Forget magic. Any technology distinguishable from divine power is insufficiently advanced.
Offhand, I can think of three strong arguments for an OpenBIOS.
- Decreased obsolence: As others have noted, changes in BIOS requirements can be responded to given the BIOS source. BIOS maintenance is no longer at the whim of the hardware vendor. This could extend the useful life of hardware.
- Decreased HW lockout: As others have noted, the move toward "Trusted Computing" could easily take a sinister turn. An open BIOS would make it much harder for hardware vendors to lock out libre software.
- Increased OS compatibility: Many seem concerned about getting hardware compatibility right in an open BIOS. The flip side of this is that getting the BIOS to work with an open OS would become much easier. The premiere example is ACPI, where the BIOS often has bugs with corresponding Windows workarounds.
I think the goal of producing an open BIOS that works well on a number of machines is quite a difficult one. The rewards of achieving it, however, seem high.Have you READ that thing?
"This license may be modified at any time, even retroactively, by Zesiger Inc., or whoever it chooses to serve in it's stead, in order to preempt all possible legal issues which may pervert the intent of this license."
Retroactively modifying the terms under which I'm already using code? Sorry but I don't believe they took legal advice on that and I wouldn't touch anything that attempted anything so insane.
To summarise the summary of the summary: people are a problem. ~ h2g2
99% of the time, the reason that people don't want to provide documentation for hardware is
A) because it doesn't exist
B) because if they release documentation, they might be compelled to support it, and
C) because they may not be able to change and evolve the interface if they have to due to unyielding consumer expectation
In that order.
Very rarely is it truly about trade secrets or competitive advantage.
I think any professional BIOS writers in the crowd will laugh at the thought of an army of open source writers writing a stable BIOS. Because even they struggle to do it with all the registers in front of them!
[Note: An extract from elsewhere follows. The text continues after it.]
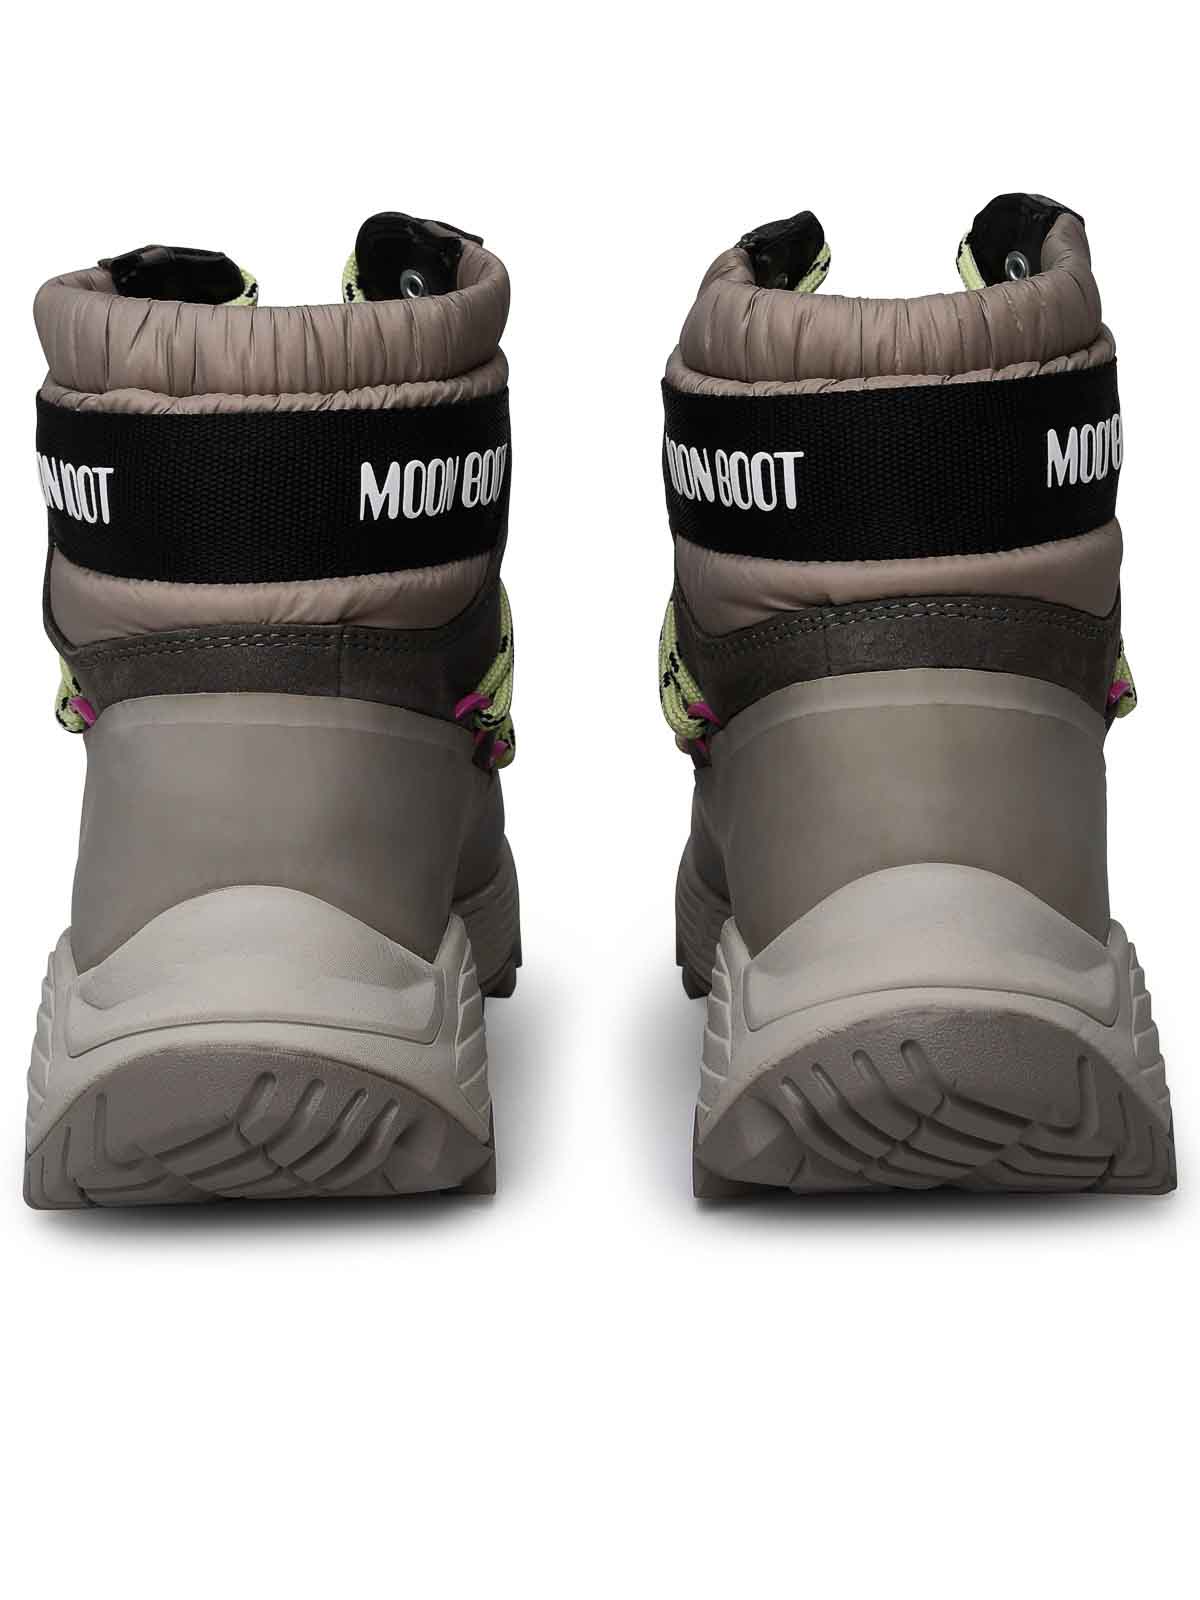 Moon Boot shoes online

Real BIOSes really do have microsoft-specific hacks to make things work at all. Real BIOSes seldom get such basic things as ECC correct. Real BIOSes do have to work around specific errata for every chip on every unique board. Yes, that includes different boot code for a revCG AMD CPU versus a revE AMD CPU.
And real BIOSes go through some amount of testing *before* going into the field.
When you open-source BIOS you will see less stability, less lab-testing and way too much bad field testing, and way too much guesswork since you won't have all the register fields given too you. It will be quite horrendous, even though you may get BIOS updates more frequently they will all suck.
"Trusted Computing" used to be called "Palladium", but it got so trashed and exposed as an excuse for Microsoft to prevent anyone else from being able to read their files, and even potentially from being able to boot non-Palladium signed operating systems, that they changed the name. Richard Stallman was one of the people who was really raising red flags about its management of core parts of your hardware and denying access to other, non-Microsoft controlled software.
Like putting RFID tags in everyone's backside, there are real potential benefits but incredible social risks of the approach. And "Trusted Computing" is precisely one of the things that an open-source BIOS community would help manage and keep from doing things it blatantly *should not* do, such as be used to prevent motherboard makers from preventing you from using any OS other than their vendor-approved one (Windows).